S.Africa to begin AIDS vaccine trials:
http://news.yahoo.com/s/ap/20090720/ap_on_re_af/af_south_africa_aids_vaccine |
Good news: We have a possible cure for AIDS
Bad news: There's no money to make it so you all gonna' die. Very bittersweet. Nobody in the pharmaceutical industry will step up on this - there's way more money to be made on treatments than in any cure. Unfortunate. And a reminder that this whole "economic slowdown" as the author calls it (really "economic collapse") is not a game. It's going to end up killing real people. |
Isn't a vaccine preventative rather than curative? Nevertheless, this is good news. Not just for AIDS, but for many other diseases as well.
Cindy has MS...we've had spirits lifted, then hopes dashed by medical "news" before. So, wait and see...wait and see. |
Suppose you developed a vaccine for AIDS, and sold 600MM doses for $50 (in the OECD countries) and another 500MM doses for $10 (for those in the developing world who could afford $10).
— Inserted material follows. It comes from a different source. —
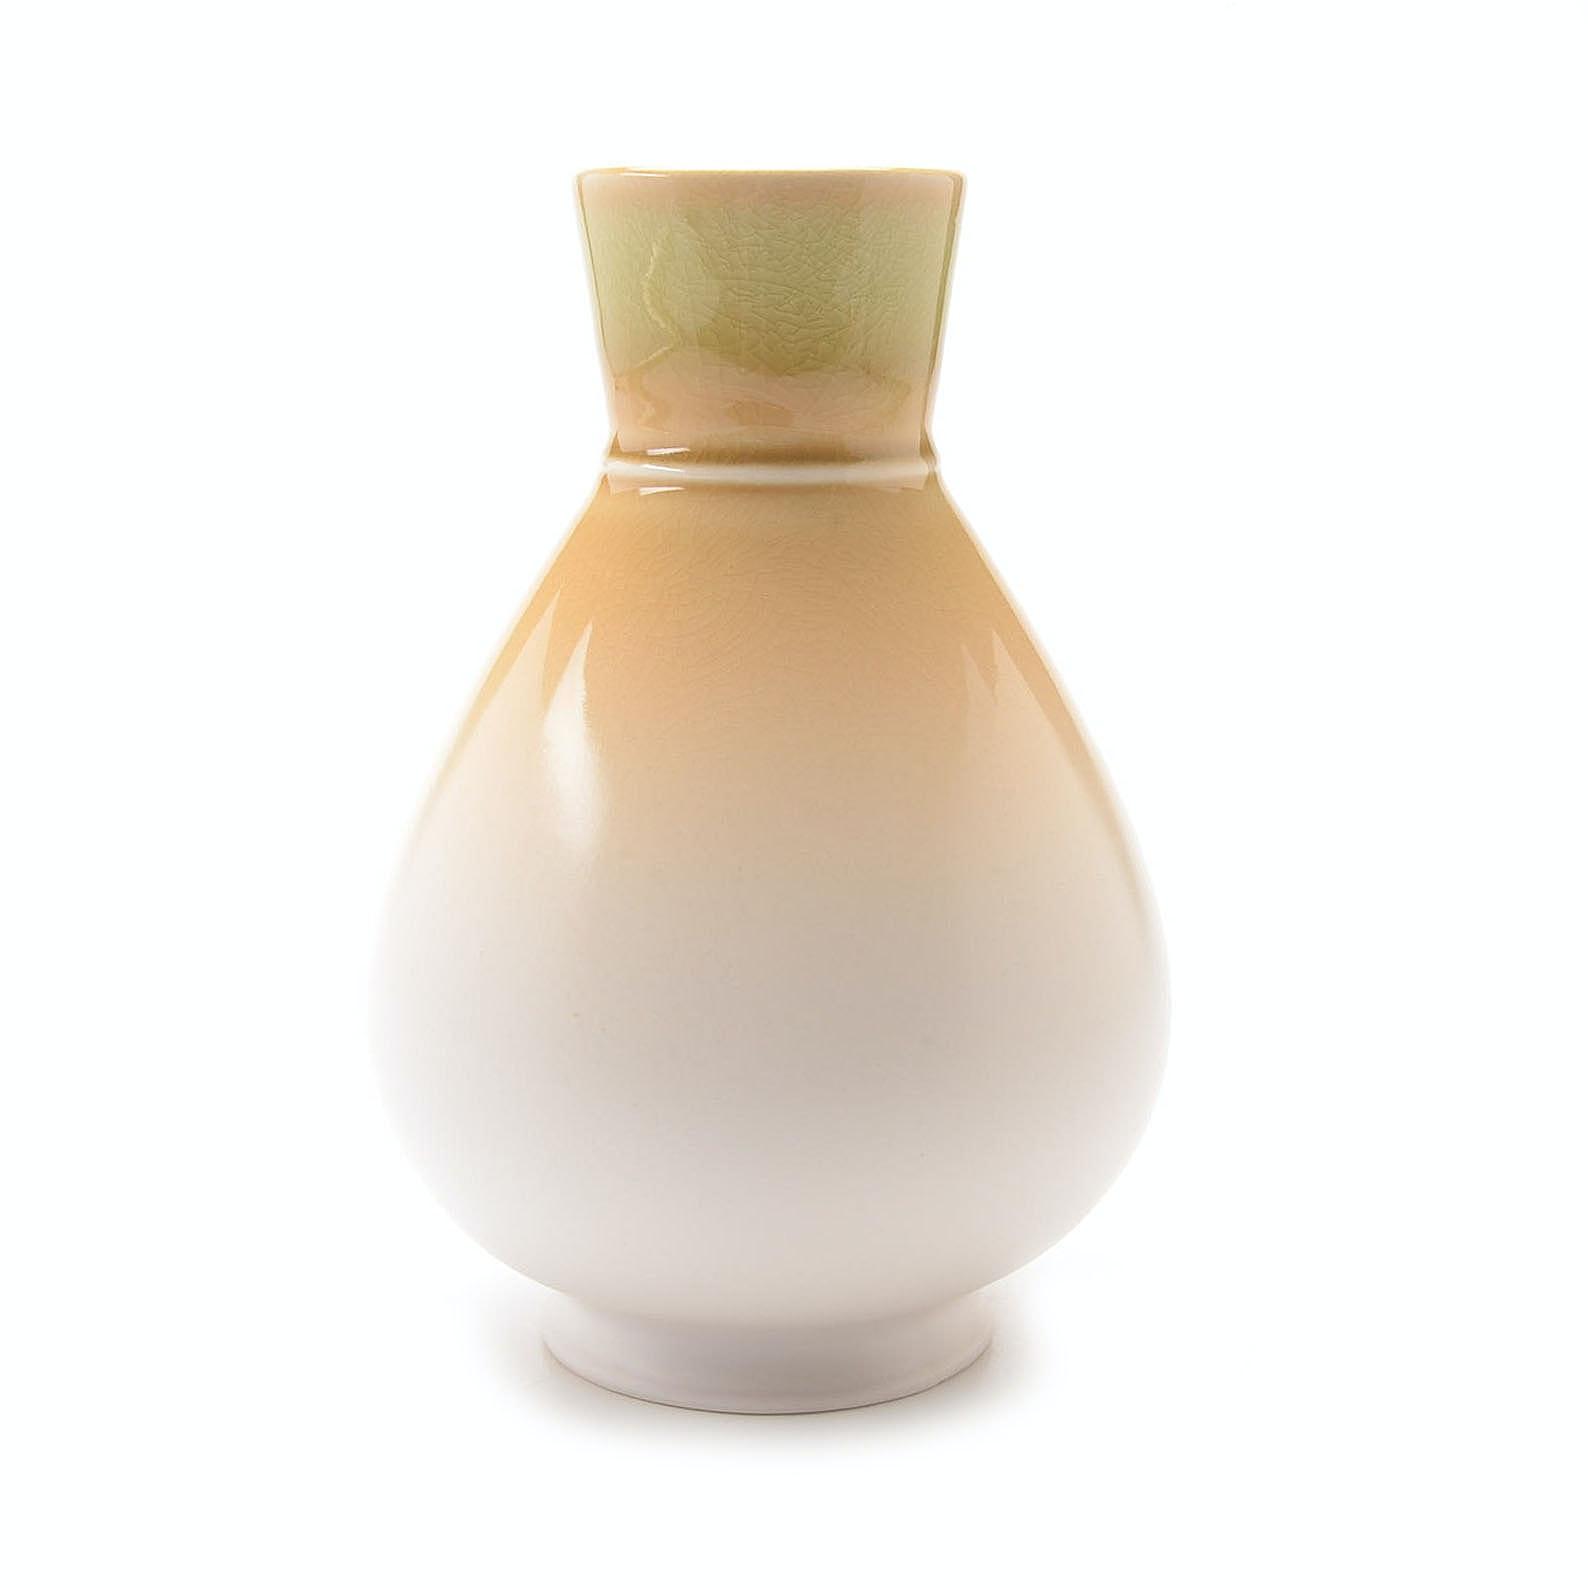 Rookwood Art Pottery Teardrop Vase
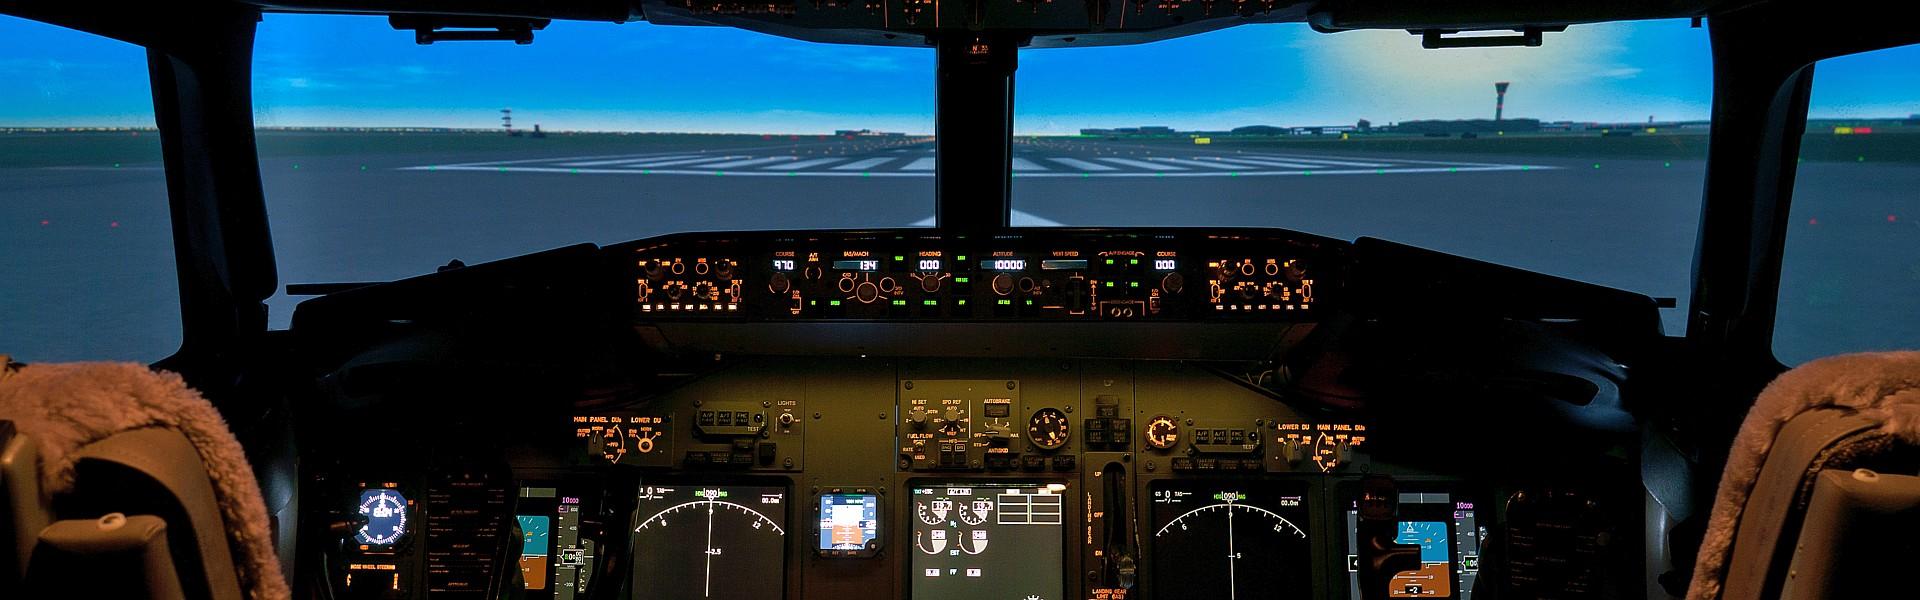 Fixed Based Flight Simulator Training for Aviation Safety

Bummer for the other 5BN people in the world, but anyway you don't want to totally eradicate AIDS. You want a reason to continue selling vaccinations. That is $35BN in revenue. Sounds pretty lucrative to me. I guess an even better, alternative vaccine would be one that doesn't completely prevent people from getting AIDS, but mitigates the disease so that it is fully curable - with an expensive regimen of the other drugs that you sell. Now that would be a nice outcome, cackle cackle. |
I hope it works, but I have a dumb question. How do they test the effectiveness? Do they expose the recipients to the infection to see if it "catches"?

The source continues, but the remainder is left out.